Martin's Point Generations Advantage Prime (HMO-POS) offers partially covered dental services up to a $750 annual limit, with Medicare-covered dental requiring a $40 copay and no coinsurance. Preventive services like cleanings and exams have no coinsurance, while comprehensive services generally require a $50 copay and 50% coinsurance; fluoride treatments, adjunctive general services, implant services, and orthodontics are not covered.
Martin's Point Generations Advantage Prime (HMO-POS) covers home infusion bundled services with no copay, though prior authorization is required. Associated Medicare Part B drugs, such as chemotherapy and radiation therapies, range from no coinsurance to 20% coinsurance, while covered Part B insulin carries a $35 copay and no coinsurance to 20% coinsurance.
Dialysis Services are covered under the Martin's Point Generations Advantage Prime (HMO-POS) plan with no copay and a 20% coinsurance. Prior authorization is required to receive these services.

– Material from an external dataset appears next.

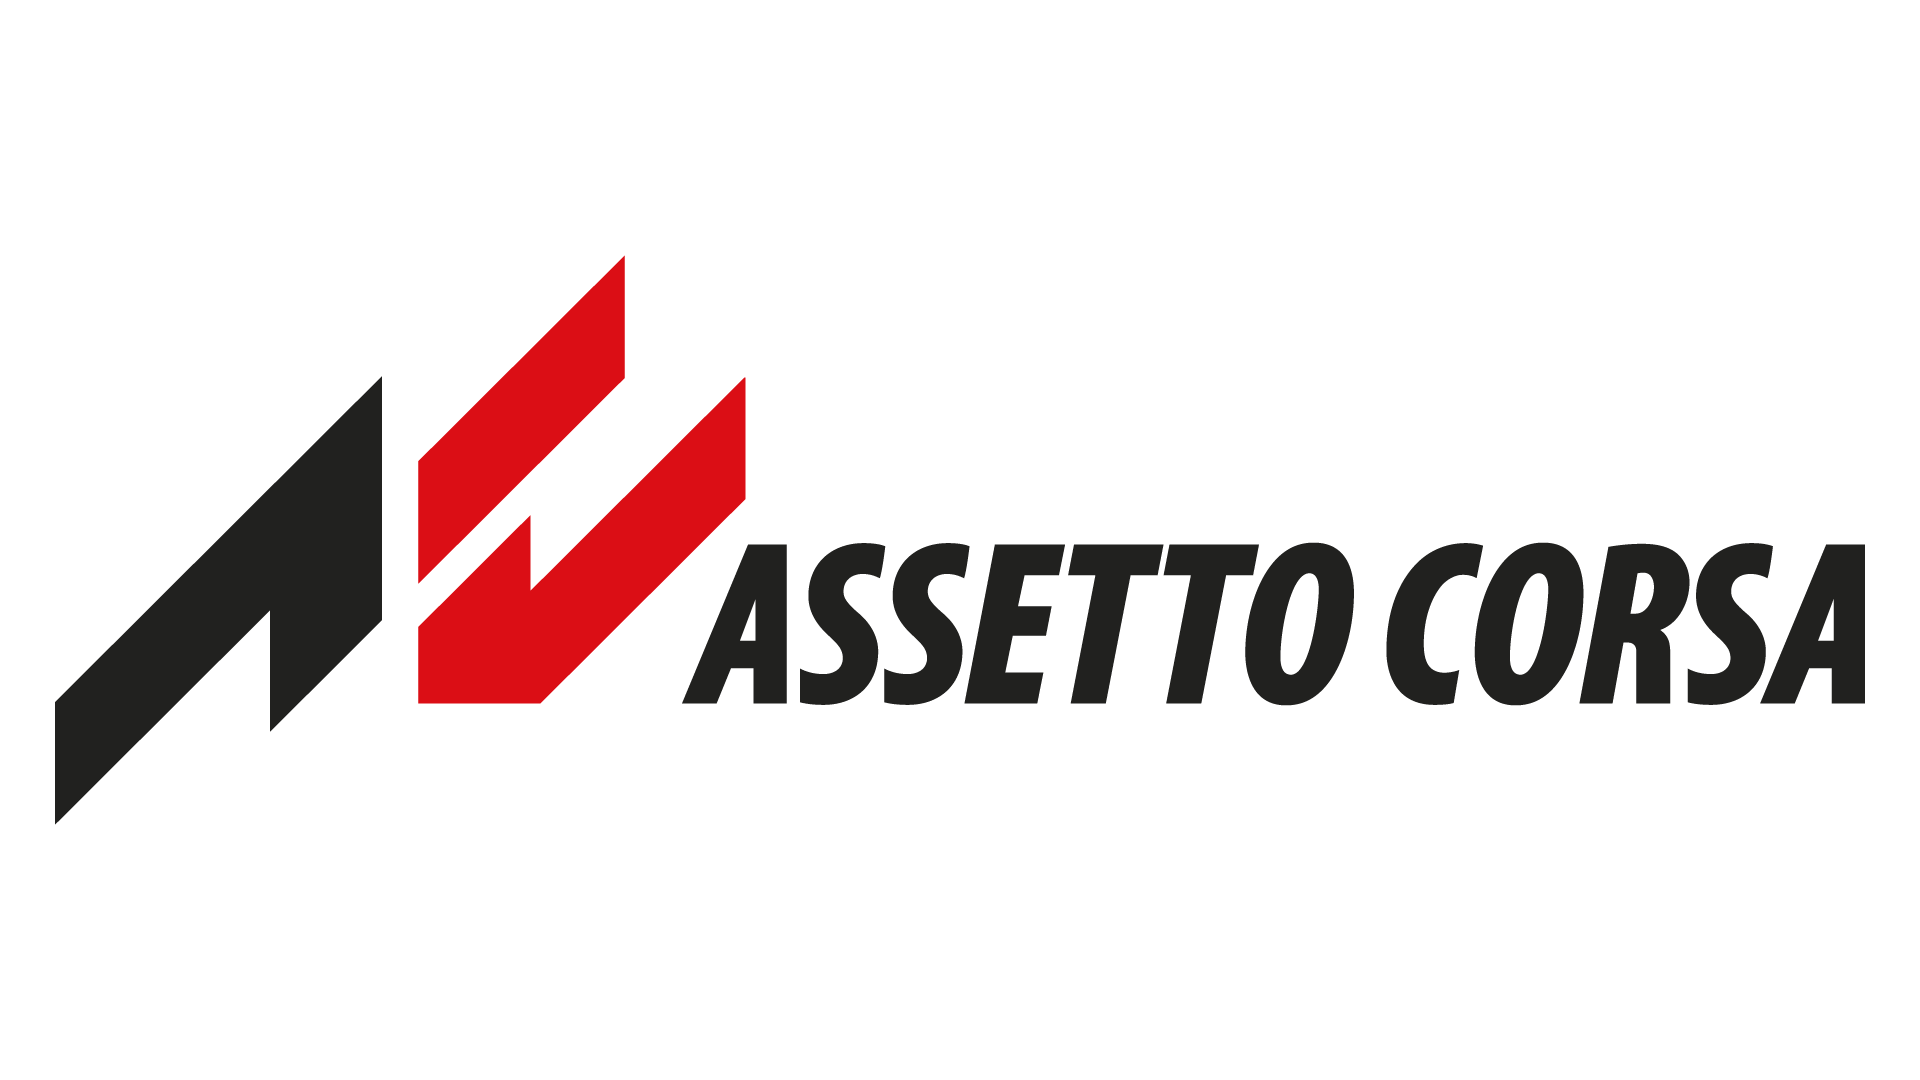 File:Assetto corsa logo.png

Martin's Point Generations Advantage Prime (HMO-POS) covers durable medical equipment and prosthetics with no copay and a 20% coinsurance. Diabetic equipment is partially covered with no copay and no coinsurance, but diabetic supplies and diabetic therapeutic shoes or inserts are not covered.
Diagnostic and radiological services are covered under Martin's Point Generations Advantage Prime (HMO-POS), requiring prior authorization and referrals. Lab services feature no copay and no coinsurance, outpatient x-rays require a $25 copay and a minimum 15% coinsurance, and other covered diagnostic and therapeutic radiological services require a copay and/or a minimum 15% coinsurance.

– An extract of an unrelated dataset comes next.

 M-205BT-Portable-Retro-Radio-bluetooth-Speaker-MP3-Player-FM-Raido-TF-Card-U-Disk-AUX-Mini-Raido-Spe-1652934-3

Home Health Services are covered under the Martin's Point Generations Advantage Prime (HMO-POS) plan with no copay and no coinsurance, although prior authorization is required.

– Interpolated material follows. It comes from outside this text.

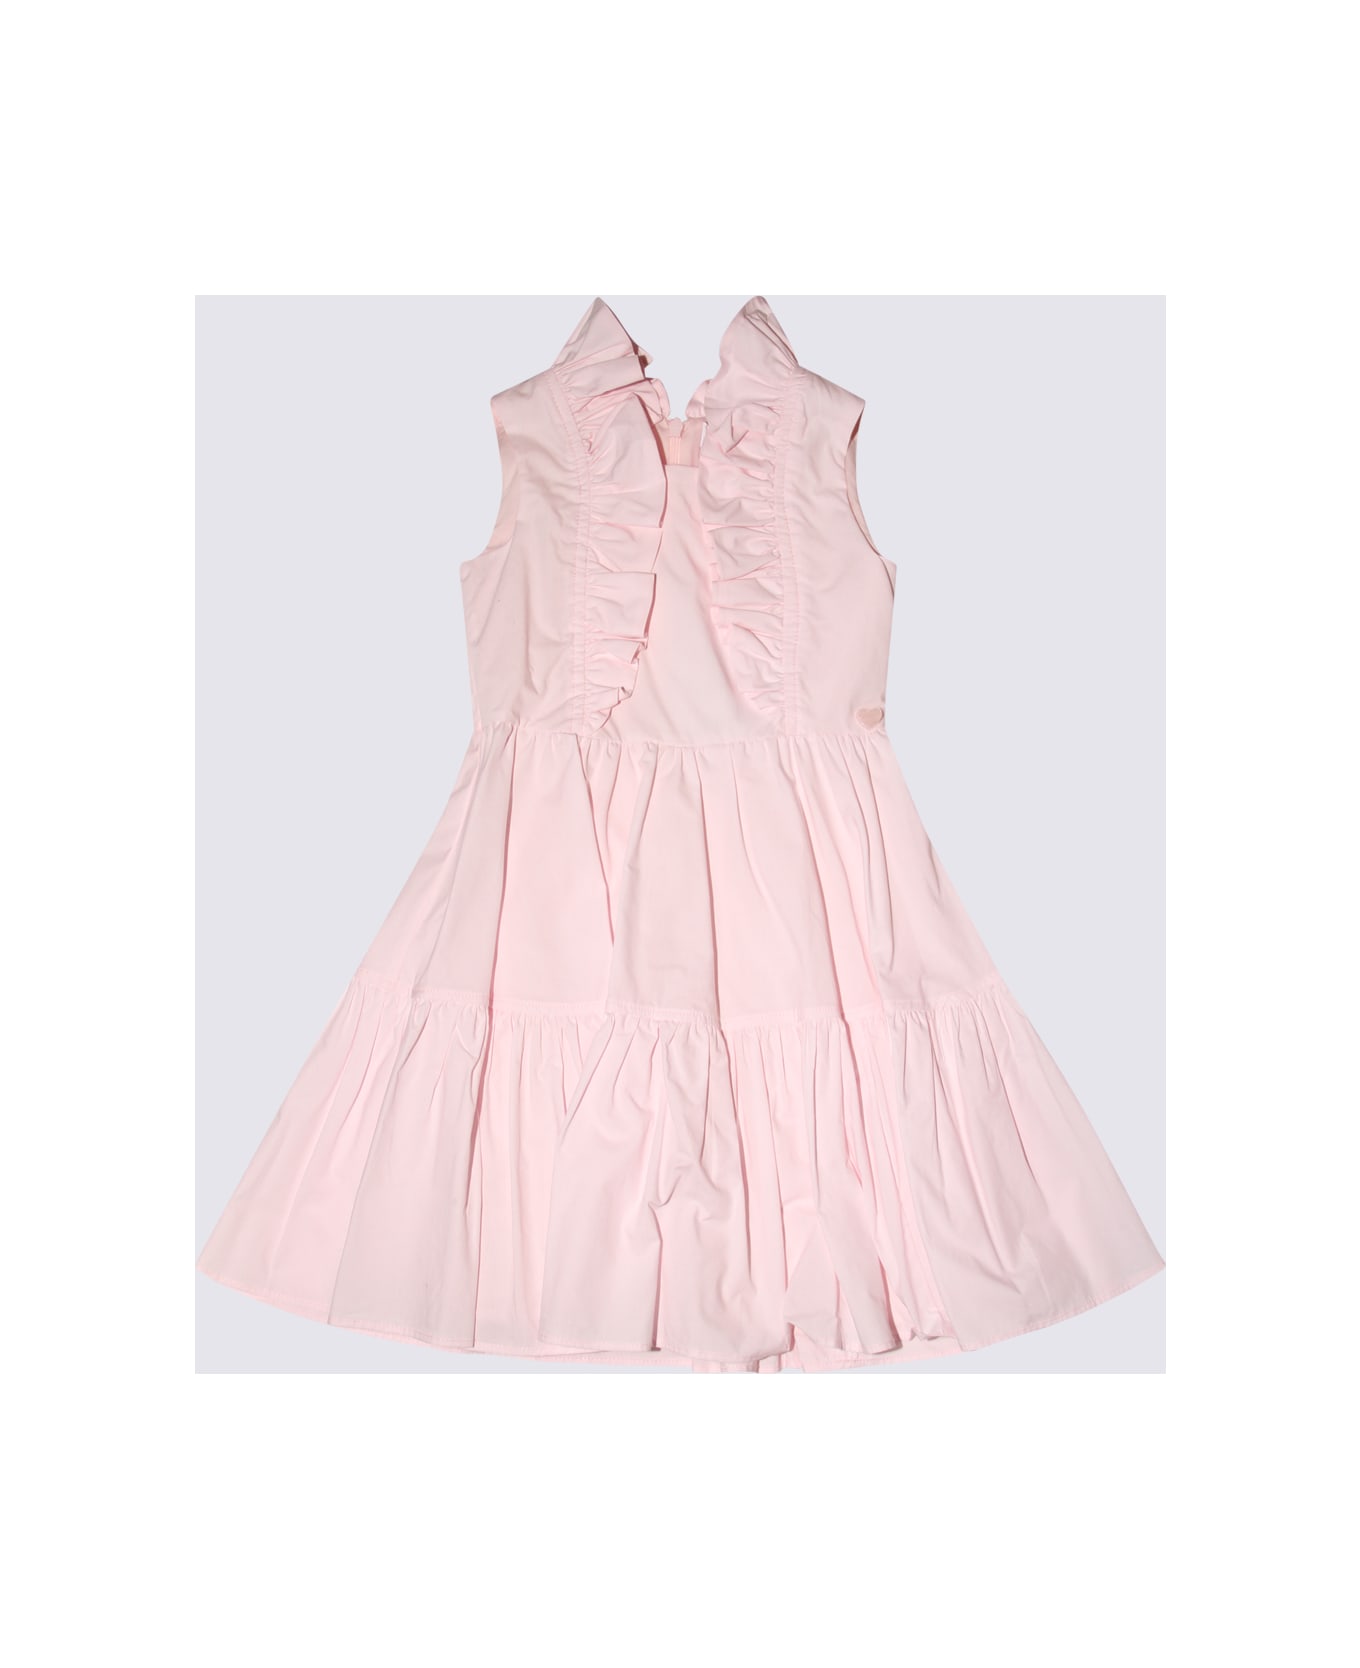 Monnalisa Antique Pink Cotton Dress - Pink ジャンプスーツ

Martin's Point Generations Advantage Prime (HMO-POS) covers some Cardiac Rehabilitation Services with no copay and no coinsurance, although prior authorization is required. However, cardiac rehabilitation, intensive cardiac rehabilitation, pulmonary rehabilitation, and SET for PAD services are not covered under this plan.
Martin's Point Generations Advantage Prime (HMO-POS) covers Skilled Nursing Facility (SNF) services with no coinsurance, offering no copay for days 1 through 20 and a $150 copay for days 21 through 100. Prior authorization is required, and while a prior three-day inpatient hospital stay is not needed, additional days beyond the standard 100 days are not covered.
Martin's Point Generations Advantage Prime (HMO-POS) partially covers other services, offering acupuncture, home infusion services, and up to $50 every three months for over-the-counter items with no copay and no coinsurance. Meal benefits are not covered under this plan.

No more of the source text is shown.